Gulen wrote in his blog that "As someone who suffered under multiple military coups during the past five decades, it is especially insulting to be accused of having any link to such an attempt. I categorically deny such accusations." The truth is that Erdogan has little to gain from the extradition of Gulen, who has absolutely zero responsibility for what is increasingly likely a self-orchestrated coup. It benefits Erdogan far more to keep Gulen in the US — where he can use him as a perpetual scapegoat to "justify" his relentless power-grab — than to bring him home where his trial (and execution) would eliminate one of the biggest pretexts Erdogan has to be openly paranoid in public, and demanding ever more power. [ZeroHedge]

Donald Trump Adviser: U.S. Should Extradite Coup Suspect Fethullah Gulen to Turkey

November 10, 2016

Newsweek — Washington should extradite the exiled cleric Fethullah Gulen—who Turkey suspects of plotting a failed military coup in July—to Ankara, a top military adviser to U.S. President-elect Donald Trump said Wednesday.

“We need to adjust our foreign policy to recognize Turkey as a priority. We need to see the world from Turkey’s perspective,” retired Lt. Gen. Michael T. Flynn wrote for the conservative news website The Hill.

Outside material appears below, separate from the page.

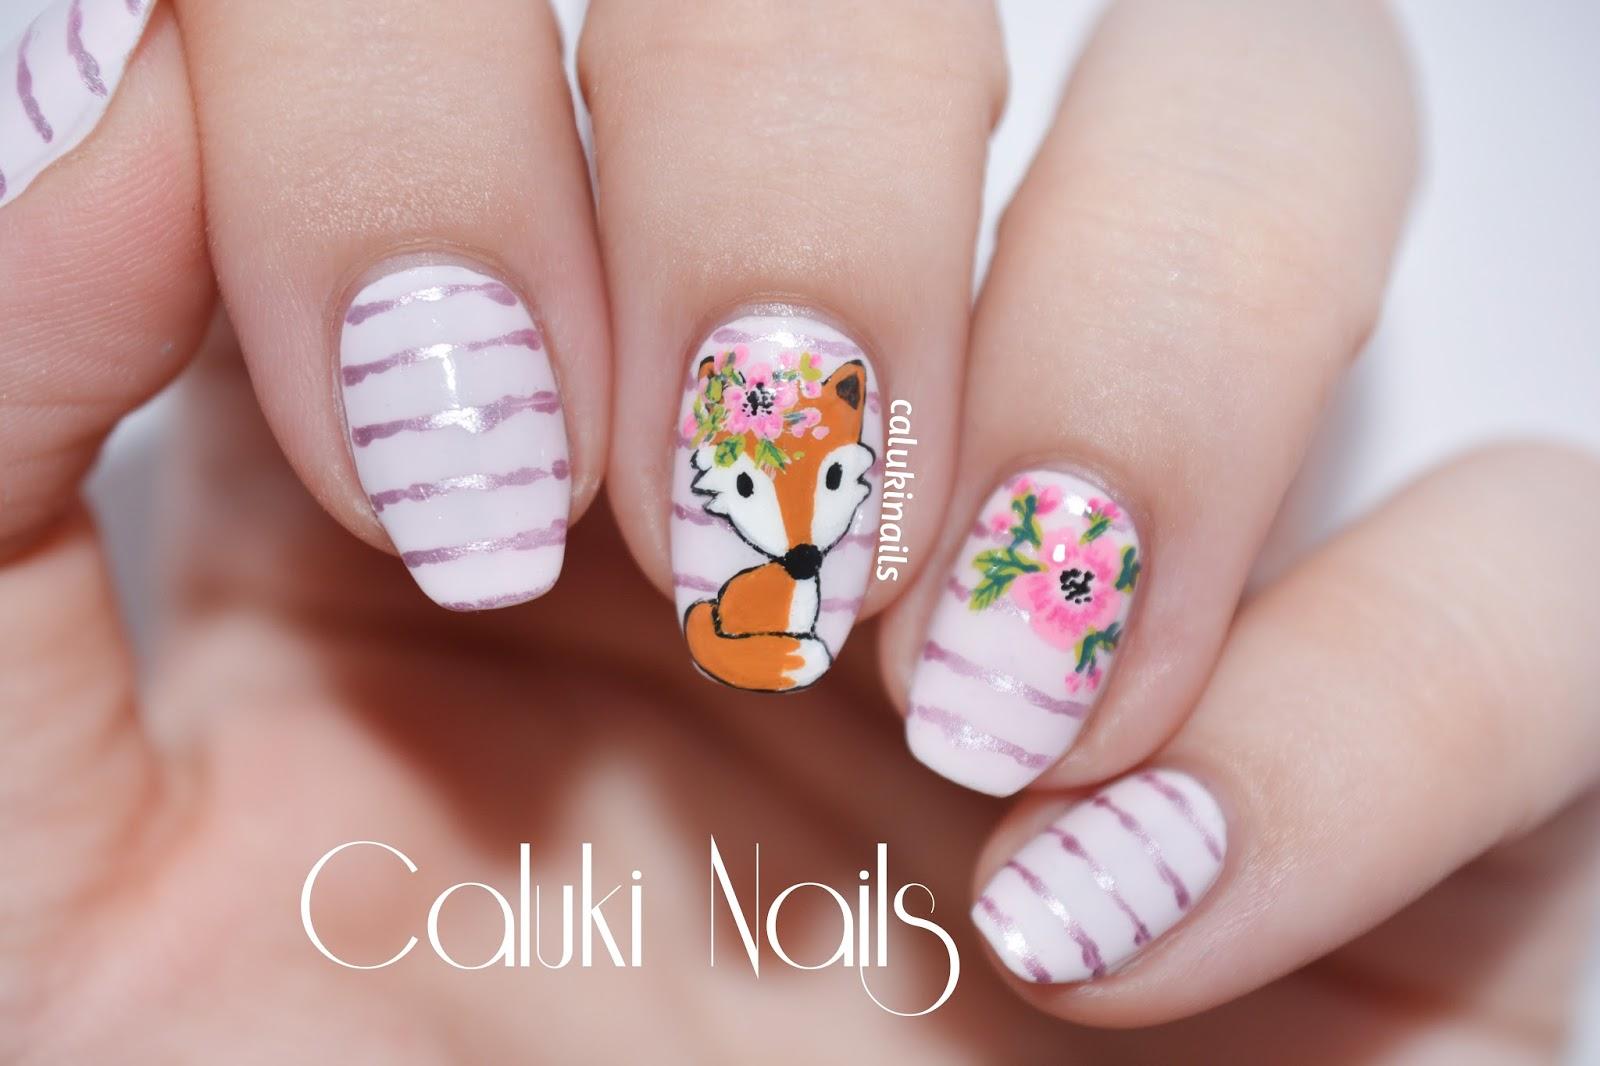 Caluki Nails Nail Art Zorrito Bienvenida Primavera Pastel City

“What would we have done if right after 9/11 we heard the news that Osama bin Laden lives in a nice villa at a Turkish resort while running 160 charter schools funded by the Turkish taxpayers?”

He continued: “The forces of radical Islam derive their ideology from radical clerics like Gulen, who is running a scam. We should not provide him safe haven. In this crisis, it is imperative that we remember who our real friends are.”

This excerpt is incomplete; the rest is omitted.